TextAnalzyer is a text analyzer tool that finds out words that are characteristic for a given input file. It is independent from any language, and even seems to work well with HTML files.

This program is only a little prototype, that shows that this technique seems to work. It’s public domain, feel free to do whatever you like with it:

Download

textanalyze.rb, Licence: Public Domain.

Example

  1. Build an index with a reasonably large amount of data, it should be much larger than the text you want to analyze. For example, I have indexed 76 of Grimm’s fairy tales with this command:
    cat *.txt | ruby ../textanalzye.rb c
    

    This creates the file wordcount.dat that contains the word count of each word.

  2. To find out which words are characteristic for a specific text, the previously generated reference data is used. To continue the example:
    cat LittleRedRidingHood.txt |ruby ../textanalzye.rb a
    

    This produces the output

    hood, grandma, riding, hunter, red
    

    So the above words seem to be very relevant to LittleRedRidingHood.txt when compared to all of Grimm’s tales.

Other Uses

The previous example seems a bit useless, but there certainly are a lot of useful applications.
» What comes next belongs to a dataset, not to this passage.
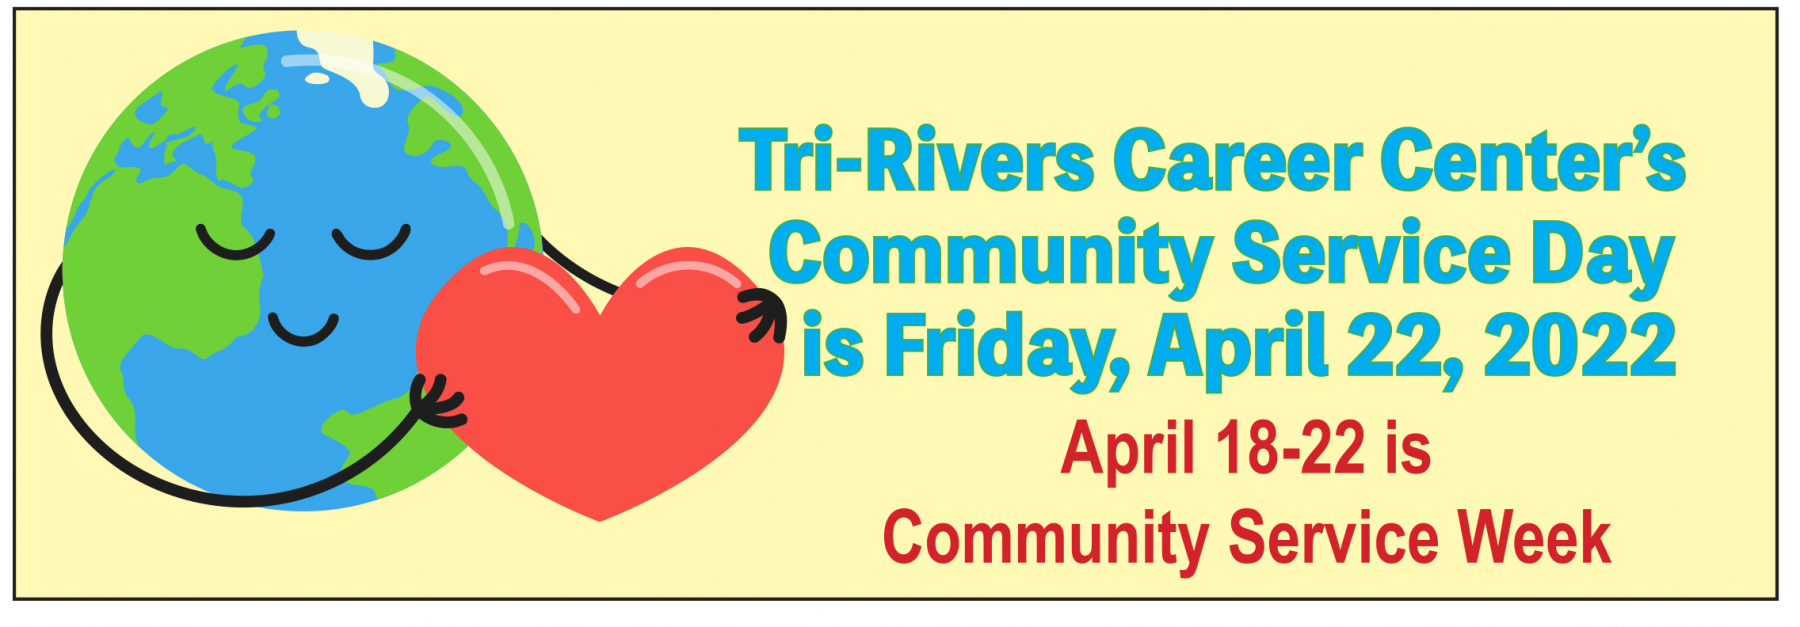 TriRivers Community Service Day, Friday, April 22 TriRivers Career

Here are some ideas:

  • Quickly find out what an unknown text is about
  • Automatically extract important words from blog entries
  • Find out what a text is about by reading just 5 words
  • Automatically create very short descriptions for a large number of documents

The currently implemented algorithm even works well with HTML files (To my own surprise. Actually, I am surprised that it works at all…)

Algorithm

The main idea is quite simple: the algorithm assumes, that important words are :

  1. Often used in the to-be-analyzed text
  2. Seldom used in other texts

For example, the second condition ensures that words like “the”, “and” etc. are not considered important.

The full algorithm to calculate the score of a word (higher==more important) is done with this formula:

tanh(curVal/curWords*200) - 5*tanh((allVal-curVal)/(allWords-curWords)*200)

The variables:

  • curVal: How often the word to score is present in the to-be-analyzed text.
  • curWords: Total number of words in the to-be-analyzed text.
  • allVal: How often the word to score is present in the indexed dataset.
  • allWords: Total number of words of the indexed dataset.

Please don’t ask me how or why this works. I have no idea. I have invented this formula in one of the rare moments when I was enlighted for approximately 10 seconds, quickly wrote it down, and immediately forgot how it worked because my mind was overwhelmed by its beauty and simplicity… Or something like that :wink: